The Critical Section (CS) is the part of process code that manipulates shared data or resources. Execution of the CS should be mutually exclusive.

Entry Section

CRITICAL SECTION

Exit Section

Remainder Section

Requirements for Solution

Mutual Exclusion: If process Pi is executing in its critical section, then no other processes can be executing in their critical sections.
Progress: If no process is executing in its critical section and some processes wish to enter, then only those not in their remainder section can participate in deciding who enters next, and this selection cannot be postponed indefinitely.
Bounded Waiting: A bound must exist on the number of times other processes are allowed to enter their critical sections after a process has made a request and before that request is granted. This prevents starvation.

⚠️ Important:

All three requirements must be satisfied for a correct solution to the critical section problem!

6.3 Peterson's Solution

Two-Process Solution

Assumes that load and store instructions are atomic.
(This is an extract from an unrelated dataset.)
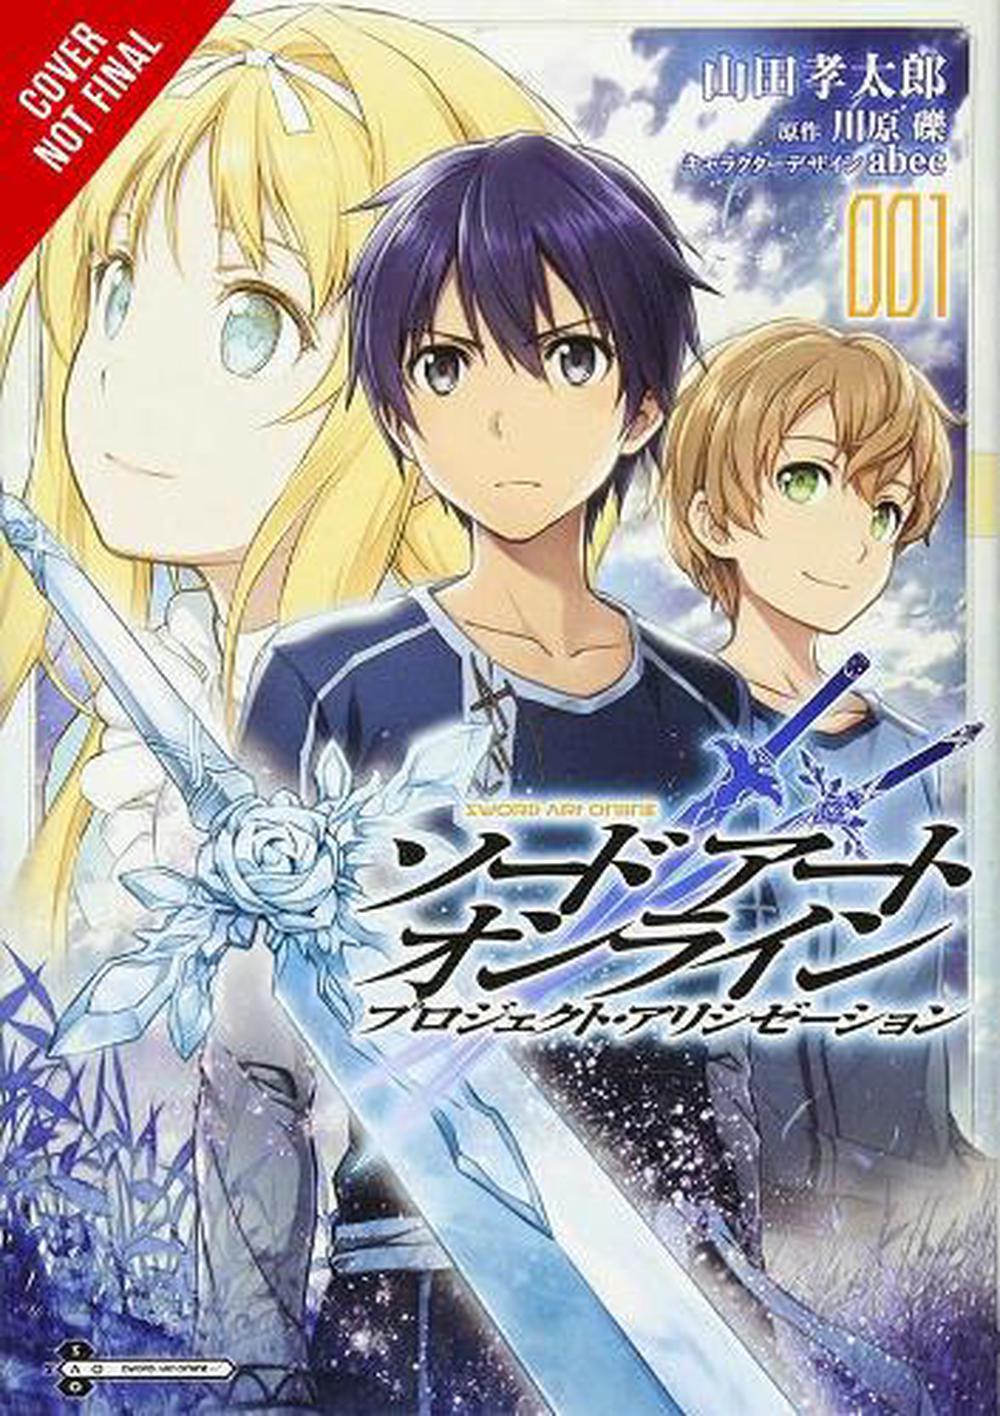 Sword Art Online Project Alicization, Vol. 1 (manga) by

Uses two shared variables:

int turn; - Indicates whose turn it is to enter critical section
boolean flag[2]; - Indicates if a process is ready to enter critical section

// Peterson's Solution for Process Pi
do {
    flag[i] = true;
    turn = j;
    while (flag[j] && turn == j)
        ; // busy wait
    
    // CRITICAL SECTION
    
    flag[i] = false;
    
    // REMAINDER SECTION
} while (true);
            

✅ Proof that Peterson's Solution Works:

Mutual Exclusion: Both processes cannot be in CS simultaneously
Progress: A process outside CS doesn't block others
Bounded Waiting: Process waits at most one turn

6.4 Synchronization Hardware

Many systems provide hardware support for critical section code. Modern machines provide special atomic hardware instructions.

Test and Set Instruction

boolean test_and_set(boolean *target) {
    boolean rv = *target;
    *target = true;
    return rv;
}

// Solution using test_and_set()
do {
    while (test_and_set(&lock))
        ; // busy wait
    
    // CRITICAL SECTION
    
    lock = false;
    
    // REMAINDER SECTION
} while (true);
            

Compare and Swap Instruction

int compare_and_swap(int *value, int expected, int new_value) {
    int temp = *value;
    if (*value == expected)
        *value = new_value;
    return temp;
}
            

6.5 Mutex Locks

Previous solutions are complicated for application programmers. OS designers build software tools to solve critical section problem. Simplest is mutex lock.

// Mutex Lock Usage
acquire() {
    while (!available)
        ; // busy wait
    available = false;
}

release() {
    available = true;
}

// Process code
do {
    acquire(lock);
    
    // CRITICAL SECTION
    
    release(lock);
    
    // REMAINDER SECTION
} while (true);
            

⚠️ Spinlock Problem:

This implementation requires busy waiting. While a process is in its critical section, any other process trying to enter must loop continuously (spin). This wastes CPU cycles.

6.6 Semaphores

Semaphore Definition

A synchronization tool that provides more sophisticated ways for processes to synchronize their activities.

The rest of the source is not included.